(Stored records)
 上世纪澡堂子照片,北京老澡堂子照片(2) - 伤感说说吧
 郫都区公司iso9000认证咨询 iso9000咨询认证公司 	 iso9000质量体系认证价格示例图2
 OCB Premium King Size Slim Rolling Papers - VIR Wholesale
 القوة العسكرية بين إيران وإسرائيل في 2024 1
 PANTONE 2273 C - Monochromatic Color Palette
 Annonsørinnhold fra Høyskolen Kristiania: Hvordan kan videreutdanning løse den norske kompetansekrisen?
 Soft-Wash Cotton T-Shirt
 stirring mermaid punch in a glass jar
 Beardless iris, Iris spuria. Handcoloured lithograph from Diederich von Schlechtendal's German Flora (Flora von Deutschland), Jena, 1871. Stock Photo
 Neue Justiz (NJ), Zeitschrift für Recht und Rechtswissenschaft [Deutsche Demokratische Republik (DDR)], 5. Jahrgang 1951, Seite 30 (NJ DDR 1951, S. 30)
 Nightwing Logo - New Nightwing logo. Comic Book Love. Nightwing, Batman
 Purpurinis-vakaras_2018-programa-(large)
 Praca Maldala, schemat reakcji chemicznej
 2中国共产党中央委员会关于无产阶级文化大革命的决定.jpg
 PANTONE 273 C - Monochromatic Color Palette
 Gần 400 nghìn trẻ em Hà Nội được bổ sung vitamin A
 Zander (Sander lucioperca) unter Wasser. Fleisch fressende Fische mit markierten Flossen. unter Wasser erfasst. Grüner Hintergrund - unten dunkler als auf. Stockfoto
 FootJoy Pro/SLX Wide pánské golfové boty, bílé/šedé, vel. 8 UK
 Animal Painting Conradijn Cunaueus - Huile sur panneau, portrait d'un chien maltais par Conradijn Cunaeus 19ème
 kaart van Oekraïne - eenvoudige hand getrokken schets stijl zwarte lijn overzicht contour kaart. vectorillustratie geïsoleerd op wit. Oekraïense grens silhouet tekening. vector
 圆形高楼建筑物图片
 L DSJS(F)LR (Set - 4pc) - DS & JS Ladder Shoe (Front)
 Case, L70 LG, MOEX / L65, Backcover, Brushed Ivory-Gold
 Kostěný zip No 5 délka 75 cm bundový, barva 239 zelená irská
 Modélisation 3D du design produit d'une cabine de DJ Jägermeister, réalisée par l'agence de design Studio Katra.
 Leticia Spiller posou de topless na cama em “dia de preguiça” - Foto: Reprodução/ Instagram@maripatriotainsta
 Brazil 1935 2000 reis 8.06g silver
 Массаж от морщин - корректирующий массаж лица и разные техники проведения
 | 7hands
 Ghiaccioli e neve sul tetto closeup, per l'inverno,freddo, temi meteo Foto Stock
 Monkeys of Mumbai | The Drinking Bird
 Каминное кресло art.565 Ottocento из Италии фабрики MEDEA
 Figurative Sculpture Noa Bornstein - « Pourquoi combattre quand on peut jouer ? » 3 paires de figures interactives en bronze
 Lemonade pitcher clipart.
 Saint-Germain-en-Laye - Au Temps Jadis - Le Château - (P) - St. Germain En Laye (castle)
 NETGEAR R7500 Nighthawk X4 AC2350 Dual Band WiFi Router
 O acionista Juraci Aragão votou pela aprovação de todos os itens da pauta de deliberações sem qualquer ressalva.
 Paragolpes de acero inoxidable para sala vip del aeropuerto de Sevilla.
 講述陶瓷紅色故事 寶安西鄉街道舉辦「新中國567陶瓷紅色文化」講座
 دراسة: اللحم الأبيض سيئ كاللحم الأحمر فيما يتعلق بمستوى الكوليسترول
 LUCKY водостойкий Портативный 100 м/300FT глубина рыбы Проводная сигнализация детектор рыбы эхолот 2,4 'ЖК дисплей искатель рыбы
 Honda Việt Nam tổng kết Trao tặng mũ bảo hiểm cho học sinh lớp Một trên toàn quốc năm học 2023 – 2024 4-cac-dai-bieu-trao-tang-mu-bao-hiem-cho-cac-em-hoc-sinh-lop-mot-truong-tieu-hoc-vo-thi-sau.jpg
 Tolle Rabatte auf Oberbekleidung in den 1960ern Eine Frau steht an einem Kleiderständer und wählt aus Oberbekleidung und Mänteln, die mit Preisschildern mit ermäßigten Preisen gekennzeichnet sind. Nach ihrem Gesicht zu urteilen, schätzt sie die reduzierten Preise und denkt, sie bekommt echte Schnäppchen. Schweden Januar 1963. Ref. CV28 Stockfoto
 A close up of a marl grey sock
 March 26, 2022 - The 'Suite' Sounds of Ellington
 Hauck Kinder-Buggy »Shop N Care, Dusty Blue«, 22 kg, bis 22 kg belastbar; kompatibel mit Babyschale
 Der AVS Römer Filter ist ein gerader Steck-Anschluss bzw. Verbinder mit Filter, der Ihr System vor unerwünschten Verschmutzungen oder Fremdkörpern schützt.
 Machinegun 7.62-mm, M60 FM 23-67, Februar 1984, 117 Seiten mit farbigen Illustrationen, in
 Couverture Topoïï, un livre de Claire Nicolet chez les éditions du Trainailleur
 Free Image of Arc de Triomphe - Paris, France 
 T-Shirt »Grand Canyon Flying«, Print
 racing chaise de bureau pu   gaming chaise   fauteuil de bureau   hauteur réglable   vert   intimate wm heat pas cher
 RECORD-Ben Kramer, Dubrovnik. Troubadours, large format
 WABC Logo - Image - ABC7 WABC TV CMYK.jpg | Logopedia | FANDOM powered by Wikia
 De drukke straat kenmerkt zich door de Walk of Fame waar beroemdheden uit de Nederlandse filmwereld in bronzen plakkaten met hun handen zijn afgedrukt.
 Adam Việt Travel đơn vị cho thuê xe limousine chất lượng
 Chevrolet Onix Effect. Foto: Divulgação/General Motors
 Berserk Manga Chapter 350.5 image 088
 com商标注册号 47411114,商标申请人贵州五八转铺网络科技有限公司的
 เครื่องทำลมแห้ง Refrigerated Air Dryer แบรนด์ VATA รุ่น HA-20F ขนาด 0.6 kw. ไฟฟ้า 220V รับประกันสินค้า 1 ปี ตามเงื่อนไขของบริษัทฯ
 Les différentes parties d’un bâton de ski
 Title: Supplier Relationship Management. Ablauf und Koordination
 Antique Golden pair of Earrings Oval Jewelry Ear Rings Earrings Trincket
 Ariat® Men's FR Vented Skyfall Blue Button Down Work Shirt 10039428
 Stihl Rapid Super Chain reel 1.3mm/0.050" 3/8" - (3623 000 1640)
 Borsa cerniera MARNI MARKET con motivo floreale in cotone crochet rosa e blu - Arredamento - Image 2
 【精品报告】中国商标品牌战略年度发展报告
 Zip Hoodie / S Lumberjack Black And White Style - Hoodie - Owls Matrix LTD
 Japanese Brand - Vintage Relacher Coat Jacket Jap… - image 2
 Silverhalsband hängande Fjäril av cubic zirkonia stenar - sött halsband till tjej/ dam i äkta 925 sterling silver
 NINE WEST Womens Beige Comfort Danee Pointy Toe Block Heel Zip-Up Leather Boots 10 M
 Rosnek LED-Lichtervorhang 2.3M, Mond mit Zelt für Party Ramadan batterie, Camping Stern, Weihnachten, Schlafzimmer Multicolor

● **What to do**:
What is needed here is an exact copy of all the entries.

● **Response below**:
 上世纪澡堂子照片,北京老澡堂子照片(2) - 伤感说说吧
 郫都区公司iso9000认证咨询 iso9000咨询认证公司 	 iso9000质量体系认证价格示例图2
 OCB Premium King Size Slim Rolling Papers - VIR Wholesale
 القوة العسكرية بين إيران وإسرائيل في 2024 1
 PANTONE 2273 C - Monochromatic Color Palette
 Annonsørinnhold fra Høyskolen Kristiania: Hvordan kan videreutdanning løse den norske kompetansekrisen?
 Soft-Wash Cotton T-Shirt
 stirring mermaid punch in a glass jar
 Beardless iris, Iris spuria. Handcoloured lithograph from Diederich von Schlechtendal's German Flora (Flora von Deutschland), Jena, 1871. Stock Photo
 Neue Justiz (NJ), Zeitschrift für Recht und Rechtswissenschaft [Deutsche Demokratische Republik (DDR)], 5. Jahrgang 1951, Seite 30 (NJ DDR 1951, S. 30)
 Nightwing Logo - New Nightwing logo. Comic Book Love. Nightwing, Batman
 Purpurinis-vakaras_2018-programa-(large)
 Praca Maldala, schemat reakcji chemicznej
 2中国共产党中央委员会关于无产阶级文化大革命的决定.jpg
 PANTONE 273 C - Monochromatic Color Palette
 Gần 400 nghìn trẻ em Hà Nội được bổ sung vitamin A
 Zander (Sander lucioperca) unter Wasser. Fleisch fressende Fische mit markierten Flossen. unter Wasser erfasst. Grüner Hintergrund - unten dunkler als auf. Stockfoto
 FootJoy Pro/SLX Wide pánské golfové boty, bílé/šedé, vel. 8 UK
 Animal Painting Conradijn Cunaueus - Huile sur panneau, portrait d'un chien maltais par Conradijn Cunaeus 19ème
 kaart van Oekraïne - eenvoudige hand getrokken schets stijl zwarte lijn overzicht contour kaart. vectorillustratie geïsoleerd op wit. Oekraïense grens silhouet tekening. vector
 圆形高楼建筑物图片
 L DSJS(F)LR (Set - 4pc) - DS & JS Ladder Shoe (Front)
 Case, L70 LG, MOEX / L65, Backcover, Brushed Ivory-Gold
 Kostěný zip No 5 délka 75 cm bundový, barva 239 zelená irská
 Modélisation 3D du design produit d'une cabine de DJ Jägermeister, réalisée par l'agence de design Studio Katra.
 Leticia Spiller posou de topless na cama em “dia de preguiça” - Foto: Reprodução/ Instagram@maripatriotainsta
 Brazil 1935 2000 reis 8.06g silver
 Массаж от морщин - корректирующий массаж лица и разные техники проведения
 | 7hands
 Ghiaccioli e neve sul tetto closeup, per l'inverno,freddo, temi meteo Foto Stock
 Monkeys of Mumbai | The Drinking Bird
 Каминное кресло art.565 Ottocento из Италии фабрики MEDEA
 Figurative Sculpture Noa Bornstein - « Pourquoi combattre quand on peut jouer ? » 3 paires de figures interactives en bronze
 Lemonade pitcher clipart.
 Saint-Germain-en-Laye - Au Temps Jadis - Le Château - (P) - St. Germain En Laye (castle)
 NETGEAR R7500 Nighthawk X4 AC2350 Dual Band WiFi Router
 O acionista Juraci Aragão votou pela aprovação de todos os itens da pauta de deliberações sem qualquer ressalva.
 Paragolpes de acero inoxidable para sala vip del aeropuerto de Sevilla.
 講述陶瓷紅色故事 寶安西鄉街道舉辦「新中國567陶瓷紅色文化」講座
 دراسة: اللحم الأبيض سيئ كاللحم الأحمر فيما يتعلق بمستوى الكوليسترول
 LUCKY водостойкий Портативный 100 м/300FT глубина рыбы Проводная сигнализация детектор рыбы эхолот 2,4 'ЖК дисплей искатель рыбы
 Honda Việt Nam tổng kết Trao tặng mũ bảo hiểm cho học sinh lớp Một trên toàn quốc năm học 2023 – 2024 4-cac-dai-bieu-trao-tang-mu-bao-hiem-cho-cac-em-hoc-sinh-lop-mot-truong-tieu-hoc-vo-thi-sau.jpg
 Tolle Rabatte auf Oberbekleidung in den 1960ern Eine Frau steht an einem Kleiderständer und wählt aus Oberbekleidung und Mänteln, die mit Preisschildern mit ermäßigten Preisen gekennzeichnet sind. Nach ihrem Gesicht zu urteilen, schätzt sie die reduzierten Preise und denkt, sie bekommt echte Schnäppchen. Schweden Januar 1963. Ref. CV28 Stockfoto
 A close up of a marl grey sock
 March 26, 2022 - The 'Suite' Sounds of Ellington
 Hauck Kinder-Buggy »Shop N Care, Dusty Blue«, 22 kg, bis 22 kg belastbar; kompatibel mit Babyschale
 Der AVS Römer Filter ist ein gerader Steck-Anschluss bzw. Verbinder mit Filter, der Ihr System vor unerwünschten Verschmutzungen oder Fremdkörpern schützt.
 Machinegun 7.62-mm, M60 FM 23-67, Februar 1984, 117 Seiten mit farbigen Illustrationen, in
 Couverture Topoïï, un livre de Claire Nicolet chez les éditions du Trainailleur
 Free Image of Arc de Triomphe - Paris, France 
 T-Shirt »Grand Canyon Flying«, Print
 racing chaise de bureau pu   gaming chaise   fauteuil de bureau   hauteur réglable   vert   intimate wm heat pas cher
 RECORD-Ben Kramer, Dubrovnik. Troubadours, large format
 WABC Logo - Image - ABC7 WABC TV CMYK.jpg | Logopedia | FANDOM powered by Wikia
 De drukke straat kenmerkt zich door de Walk of Fame waar beroemdheden uit de Nederlandse filmwereld in bronzen plakkaten met hun handen zijn afgedrukt.
 Adam Việt Travel đơn vị cho thuê xe limousine chất lượng
 Chevrolet Onix Effect. Foto: Divulgação/General Motors
 Berserk Manga Chapter 350.5 image 088
 com商标注册号 47411114,商标申请人贵州五八转铺网络科技有限公司的
 เครื่องทำลมแห้ง Refrigerated Air Dryer แบรนด์ VATA รุ่น HA-20F ขนาด 0.6 kw. ไฟฟ้า 220V รับประกันสินค้า 1 ปี ตามเงื่อนไขของบริษัทฯ
 Les différentes parties d’un bâton de ski
 Title: Supplier Relationship Management. Ablauf und Koordination
 Antique Golden pair of Earrings Oval Jewelry Ear Rings Earrings Trincket
 Ariat® Men's FR Vented Skyfall Blue Button Down Work Shirt 10039428
 Stihl Rapid Super Chain reel 1.3mm/0.050" 3/8" - (3623 000 1640)
 Borsa cerniera MARNI MARKET con motivo floreale in cotone crochet rosa e blu - Arredamento - Image 2
 【精品报告】中国商标品牌战略年度发展报告
 Zip Hoodie / S Lumberjack Black And White Style - Hoodie - Owls Matrix LTD
 Japanese Brand - Vintage Relacher Coat Jacket Jap… - image 2
 Silverhalsband hängande Fjäril av cubic zirkonia stenar - sött halsband till tjej/ dam i äkta 925 sterling silver
 NINE WEST Womens Beige Comfort Danee Pointy Toe Block Heel Zip-Up Leather Boots 10 M
 Rosnek LED-Lichtervorhang 2.3M, Mond mit Zelt für Party Ramadan batterie, Camping Stern, Weihnachten, Schlafzimmer Multicolor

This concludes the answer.